# ACTIVITY
Everything from the line that has "Карта Сибири. Географическая" to the last line of the listing must be repeated exactly, and nothing more; omit the pictures.
DATA SECTION Start Marker
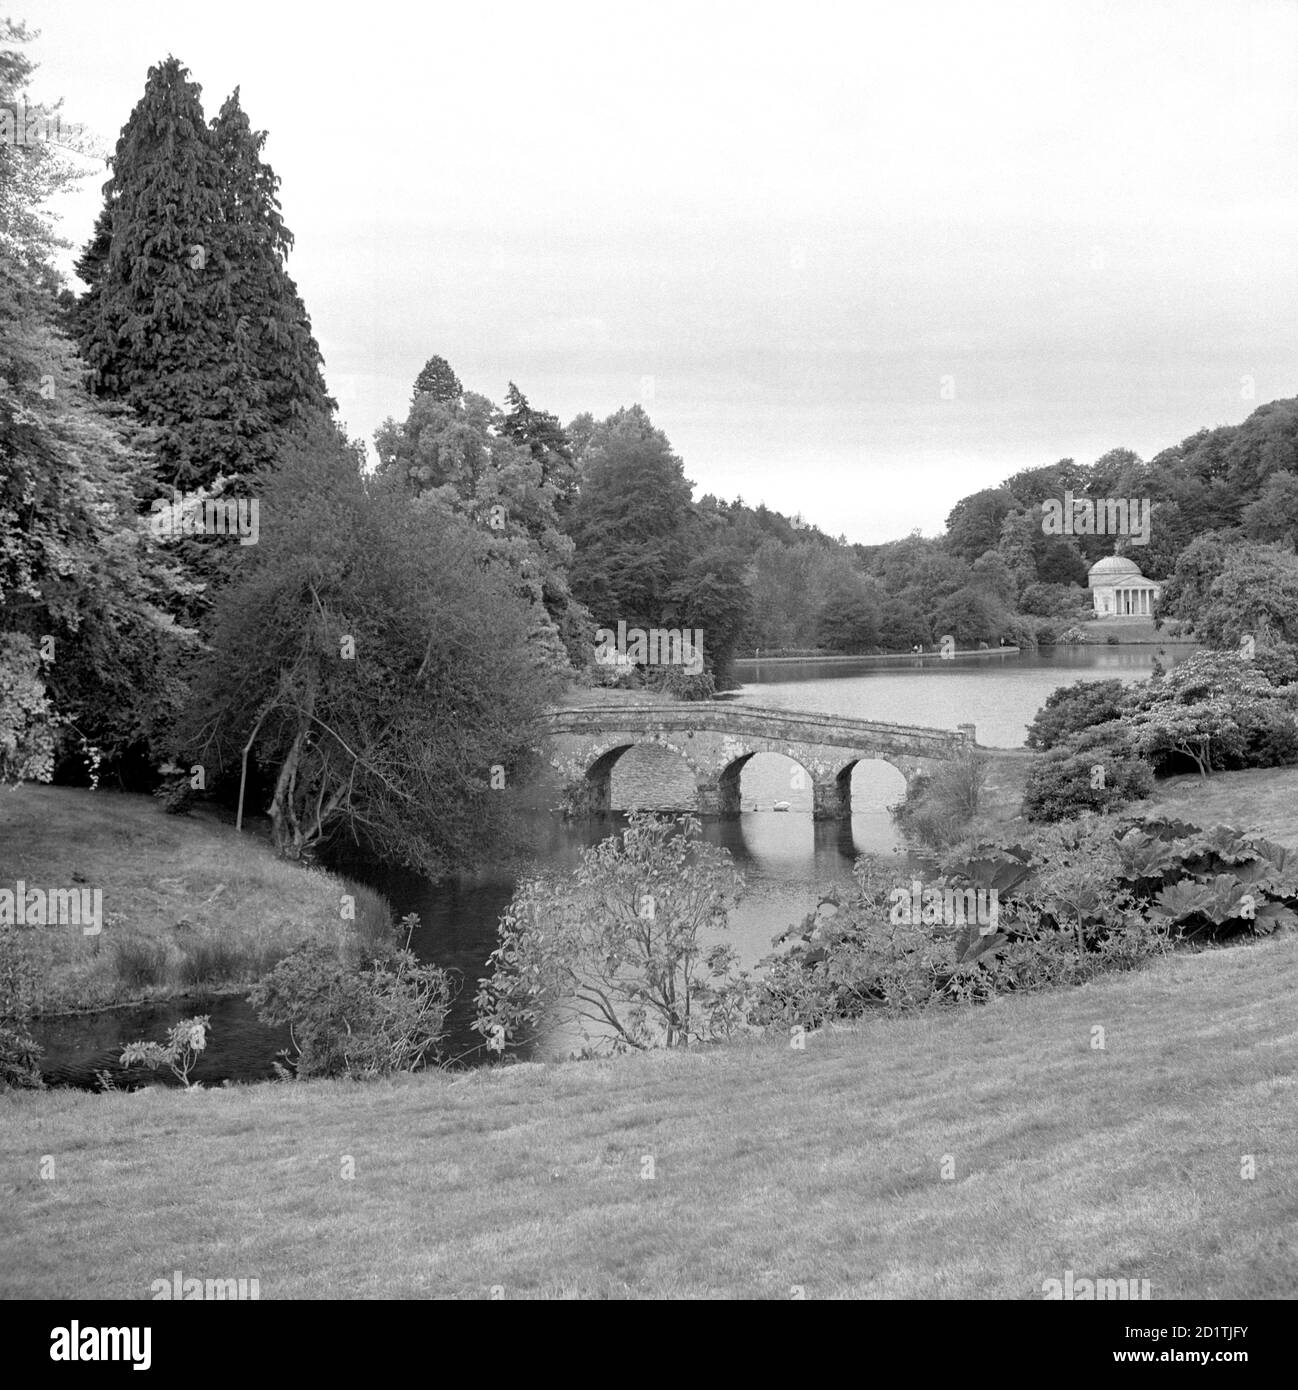 STOURHEAD PARK, Stourton, Wiltshire. Der malerische Stourhead Park wurde von Henry Hoare II geschaffen und zwischen 1741 und 80 angelegt. Das Tal wurde aufgestaut, um eine Wasserfläche zu schaffen. Die Palladio-Brücke (1762) und das Pantheon (1754) sind nur zwei der Gartenbauwerke, die einen Schwerpunkt für dramatische Ausblicke boten. Fotografiert von Eric de Mare zwischen 1945 und 1980. Stockfoto
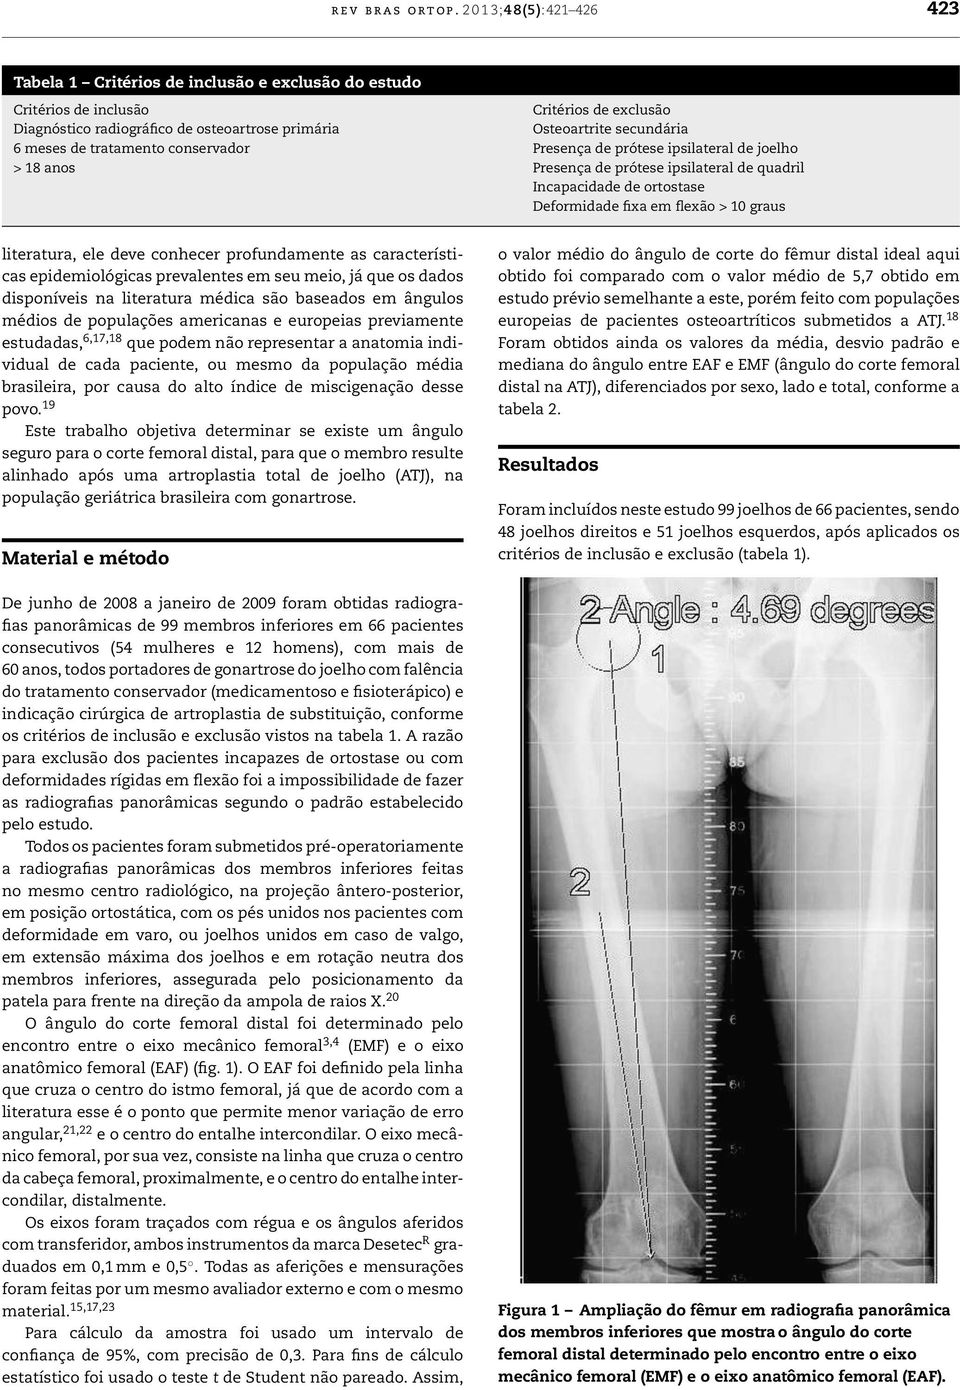 meses de tratamento conservador Presença de prótese ipsilateral de joelho > 18 anos Presença de prótese ipsilateral de quadril Incapacidade de ortostase Deformidade fixa em flexão > 10 graus
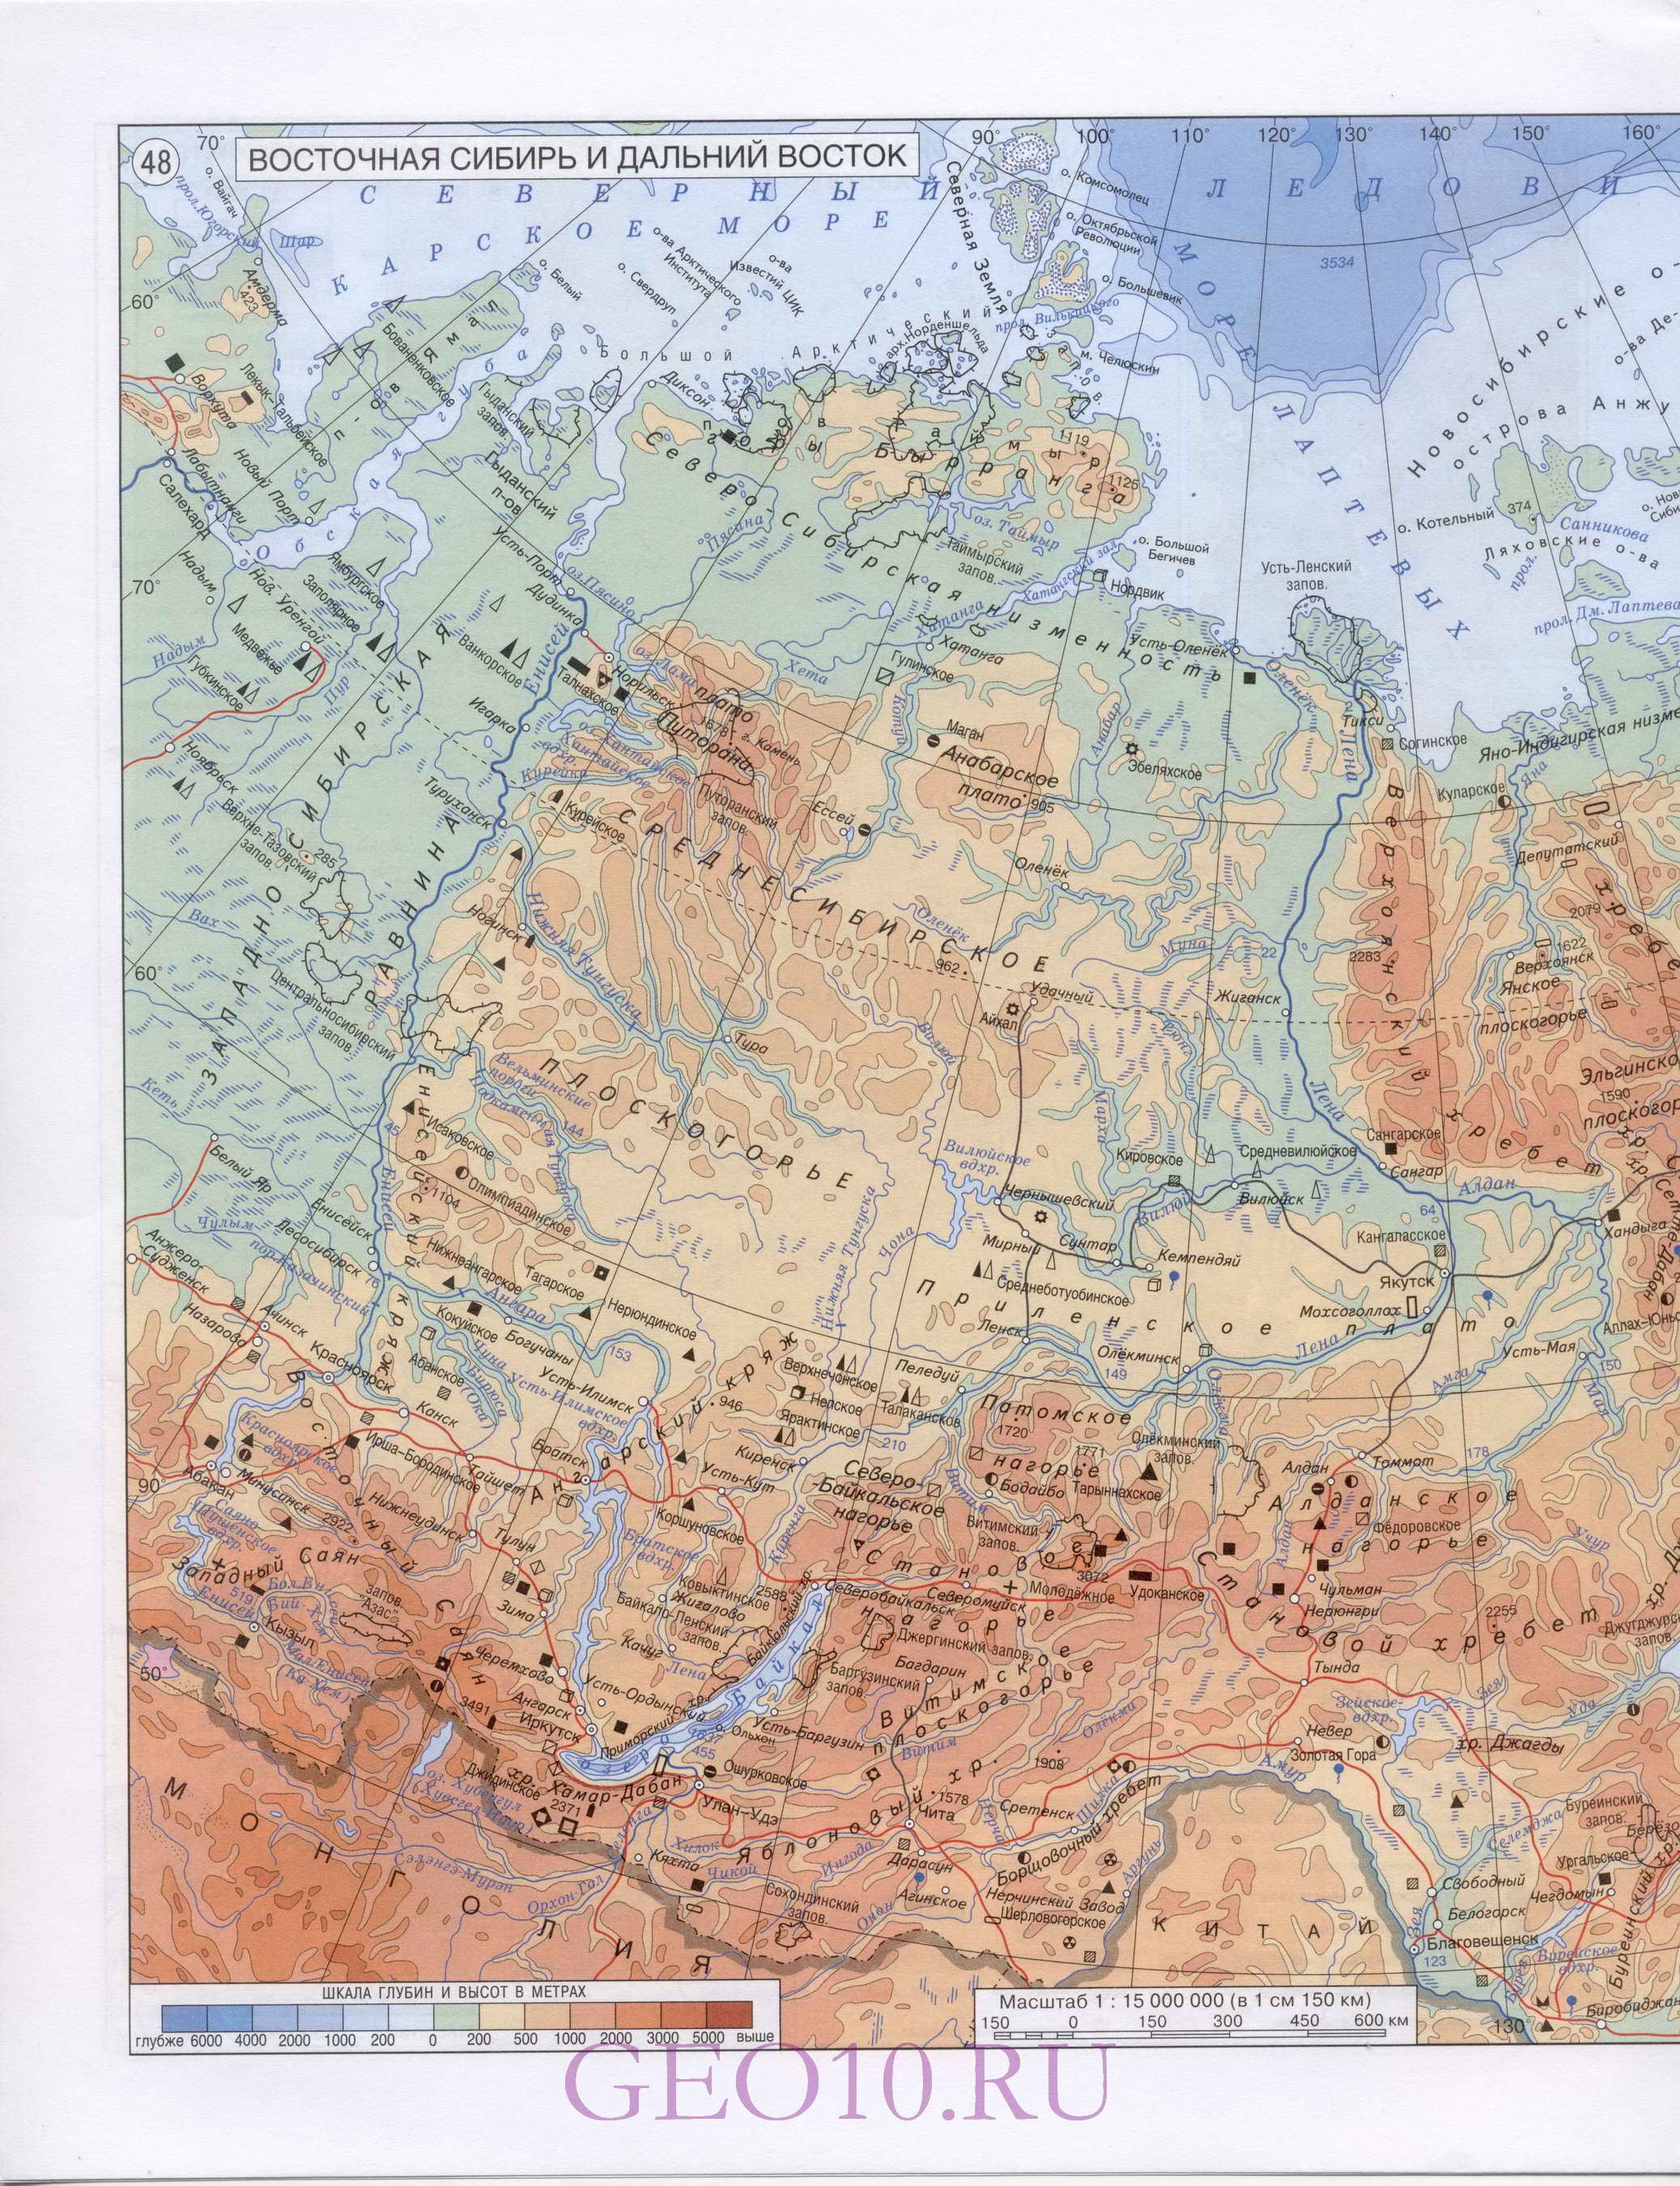 Карта Сибири. Географическая карта - Западная Сибирь и Восточная Сибирь.Большая подробная карта Западной Сибири �� Восточной
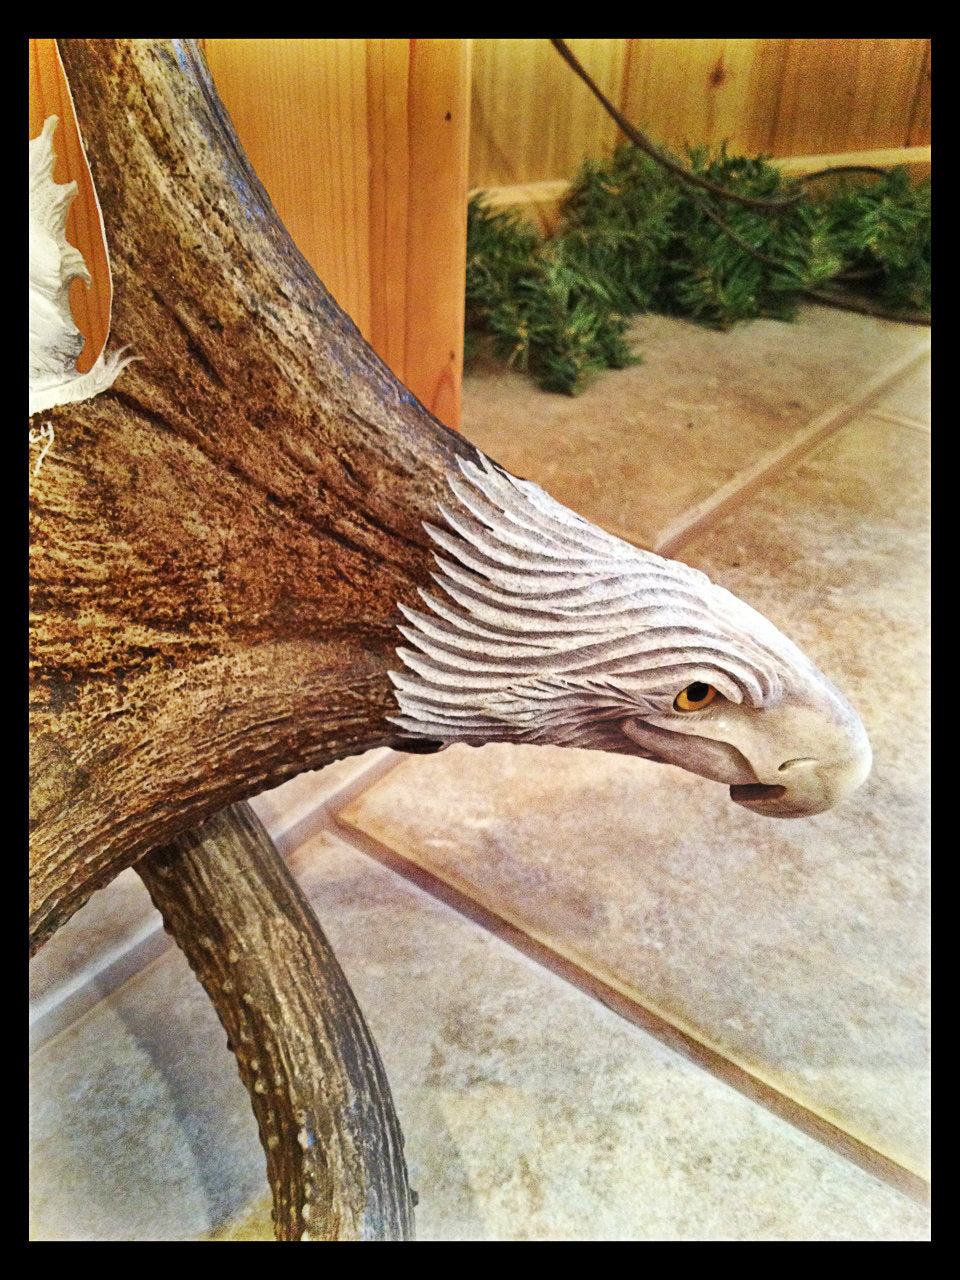 Soaring Eagle Antler Carving w/Antler Base
DATA SECTION End Marker
# SOLUTION FOR THIS EXERCISE
 Карта Сибири. Географическая карта - Западная Сибирь и Восточная Сибирь.Большая подробная карта Западной Сибири �� Восточной
 Soaring Eagle Antler Carving w/Antler Base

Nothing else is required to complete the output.